People say that everyone comes to this point in their life, where they have to make a decision and its always hard and all that. I look at everyone around me and i don't see them experiencing anything of such. Well, maybe my mum had to make a decision about getting a divorce or not. But everyone else around me, nah.
You go to primary school, then high school, then college, maybe Masters, then you get a job. In the process you meet someone, decide to spend the rest of your life with him or her, you get married, then come the kids, maybe you change jobs a couple times in between, start your own side thing, make your passion/hobby into a career and hopefully in there somewhere you are happy and content.

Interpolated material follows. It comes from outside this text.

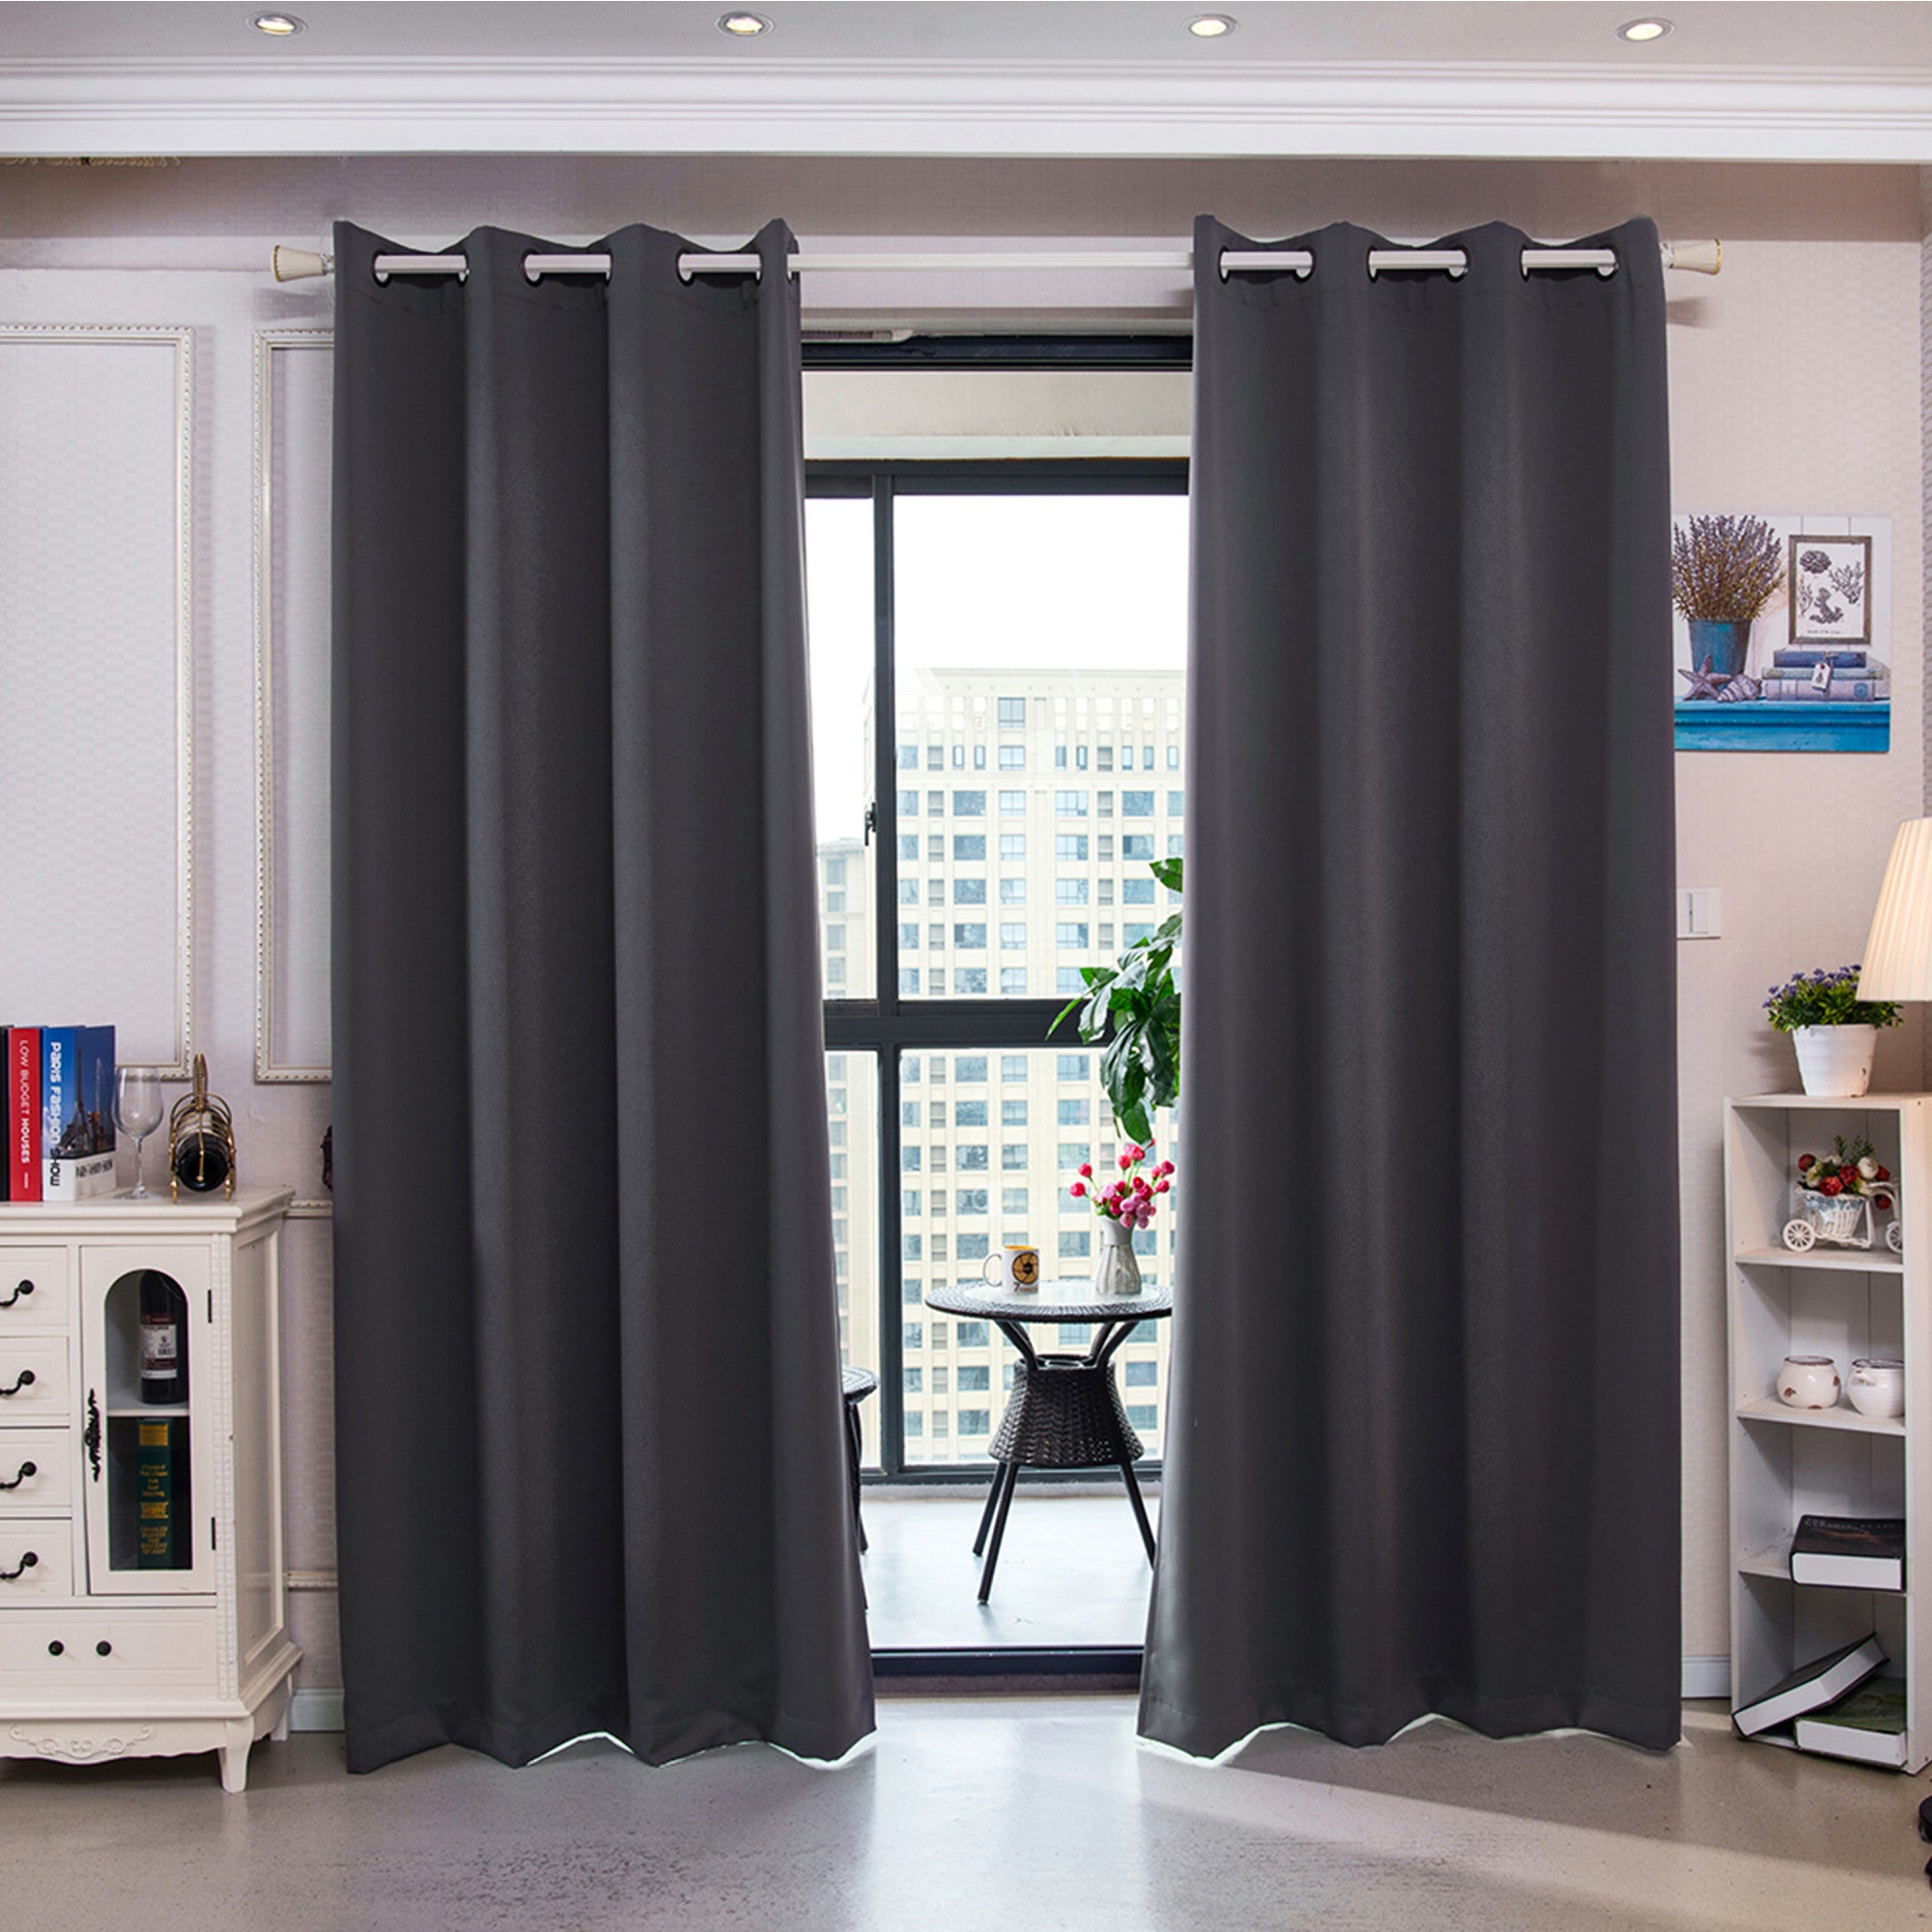 Teamson Home 84" Sparta Premium Solid Insulated Thermal Blackout Window Curtain Panels with Grommets, Dove Gray

I think that's how it should be, i certainly had my life planned out as such. But alas, far from it. And six months later, i'm still very unsure as to what the next step is. I have never been so undecided in my entire life. I knew how things were going to end for me, i knew how life was going to run and now the only thing i am certain of is i am not interested in a relationship, i can't be with a man that snores, my man must be 6'2 or taller, i have a good future ahead no matter the path i take, i am happy, not so much content, and i am closer to God more than ever before, yet feel so far away from him.
I could go on and on, but i am not going to. I will explain as time goes on i guess. This implies that i am back. Yes, i am and i have missed you and i hope you are all doing well. I had wanted to change the id, but there was no way to doing that without cutting everyone off, so i just changed the name.
Yea, that's about it for now. We'll talk soon.